Tuesday of Holy Week: Caring for and Carrying Each Other

caring, carrying

BY BRENNA DAVIS | March 30, 2021
Today’s Readings

“Will you lay down your life for me?” John 13:38

During recent spiritual direction sessions, we’ve been exploring how I don’t feel spiritually strong enough to carry the world’s pain. A sense of being tossed around on a boat during a storm without firm footing is with me every time I read the newest headline. It hurts too much to care, and I have used my old friends—distraction and avoidance—to try to calm the storm and quell the pain.

caring, carrying

Having a job that allows me the privilege to work remotely, I’ve also been able to go into physical hiding from this suffering during the pandemic. My home and its promise of safety and comfort have been my “tomb” this past year. While we prepare for Jesus to emerge from his tomb this Easter, I have the sense of wanting to stay in here a little longer. Even though I know there is life and goodness waiting outside, I don’t feel ready to engage. 

For this reason, I am captivated by the image of Veronica wiping Jesus’ face in the Stations of the Cross. She does what I feel I cannot; Veronica looks into the eyes of the world’s suffering through Jesus and responds with compassionate love in action. While I am sure she is filled with deep grief and sadness at the fate of her dear friend, she has the interior freedom and fortitude to hold space for pain and woundedness in the face of despair.  

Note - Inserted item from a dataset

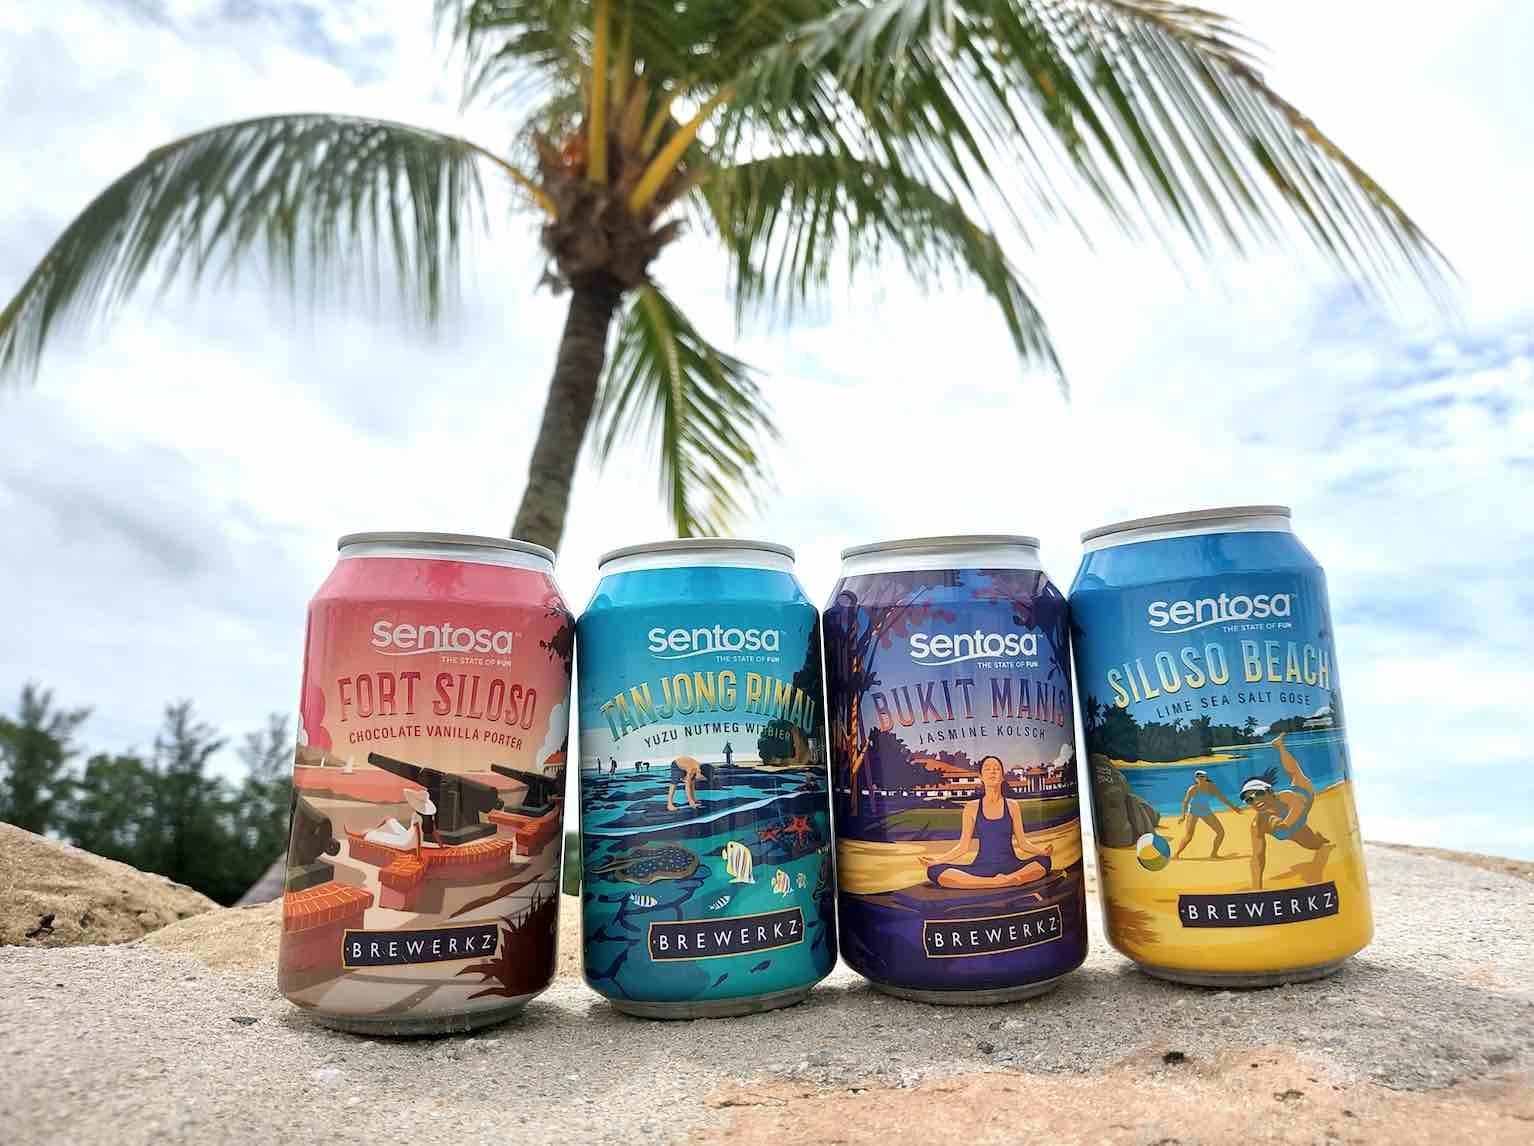 Image of beers

Veronica invites us to gaze lovingly into the woundedness of the world, and St. Ignatius  asks us to consider what is preventing the interior freedom to open our hearts fully. We cannot care for or carry each other at a distance—we know that the only way to sustain the long journey towards justice is in community. 

For Reflection: 

  • How are you being called to emerge from the tomb this Easter season?
  • In what ways do you attempt to avoid or distract yourself from the world’s suffering? 
  • How do you sustain yourself for the work for justice in the face of suffering?
5 replies
  1. Kathleen Monte
    Kathleen Monte says:

    Isn’t it interesting that more and more people are getting vaccinated as Easter Sunday approaches and we are able to emerge from our tombs, our homes, from the pandemic? Although I’m not feeling quite so free just yet and, like our reflector, could stay here a while longer. I think it’s easy to distract ourselves from the world’s suffering if we want to, but we must choose to look at it and keep up the fight for those in need of help. It is our duty to help others in whatever small way we can. The only way to sustain ourselves is to look to the saints as our examples.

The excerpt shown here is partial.